There are two sensors that deal with the temperature, there is one that threads into the radiator and one that threads into the side of the engine. I know 100% for a fact that the one in the radiator is working because I just replaced it it was broke and the fan would never kick on so I directly wired it to a switch so it would work but that's the past. It's back to factory now. And this may sound stupid but how could the temp sensor be hooked up wrong?


----------



## 02sportsman

One last thing, could the fact that the radiator is now higher up on the racks could that be a problem like as far as the water pump not being able to pump it up stream?


----------



## Ole Nasty

02sportsman said:


> And this may sound stupid but how could the temp sensor be hooked up wrong?


I don't know I was just brainstorming, lol.



02sportsman said:


> One last thing, could the fact that the radiator is now higher up on the racks could that be a problem like as far as the water pump not being able to pump it up stream?

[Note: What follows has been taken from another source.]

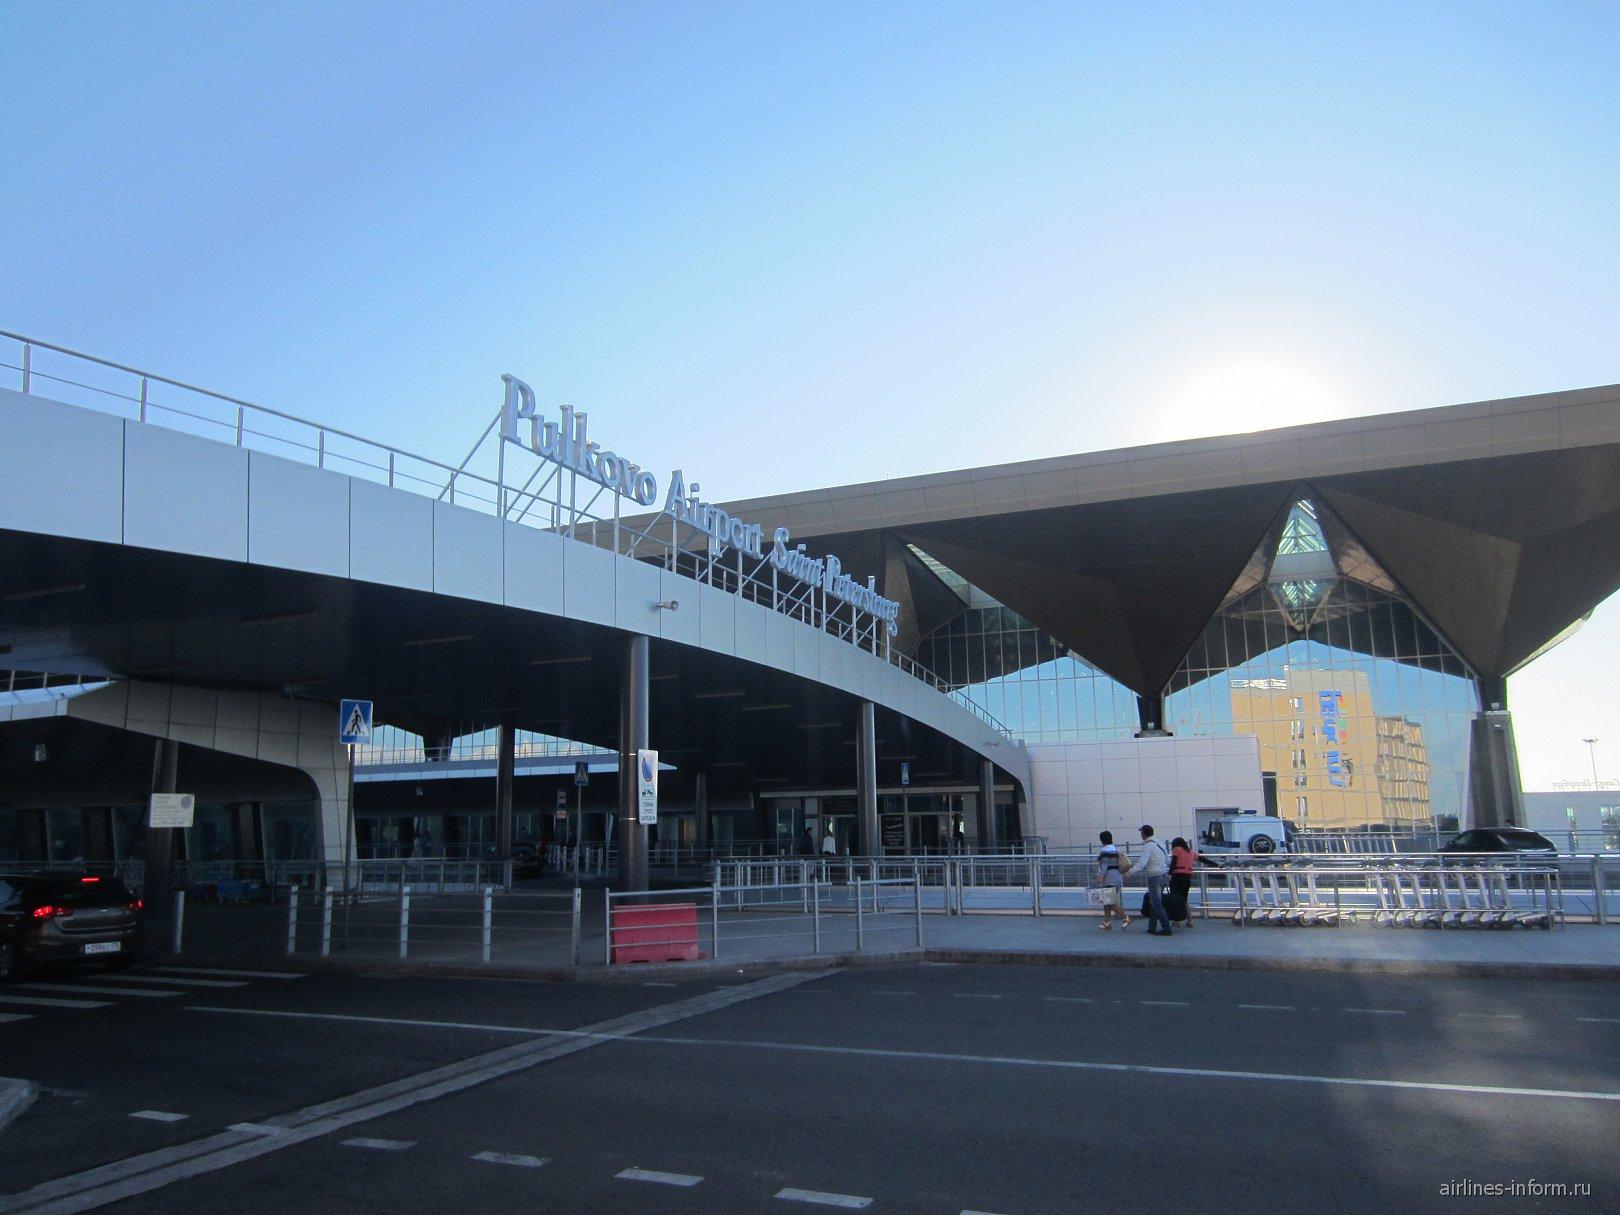 Вход в пассажирский терминал аэропорта Пулково

Maybe it just takes more fluid since the hoses are longer?


----------



## 02sportsman

Ya I understand lol 

But ya it defiantly uses more fluid but that shouldn't effect the pump should it? I'm just wondering if the pump is having to work harder to pump the coolant up since its at a higher point instead of just in front of the engine?


----------



## kirkland

def change to 1 hose from pump to radiator and 1 hose from radiator to engine.. less turns and obstruction of flow it can only help you to change it... there is no reason it should be over heating up on the rack unless your radiator is swollen (i think thats the correct term for it)


----------



## 02sportsman

Ya I haven't changed anything other than putting the fan switching back to factory and it wasn't over heating before so that's the only thing I can think of to.


----------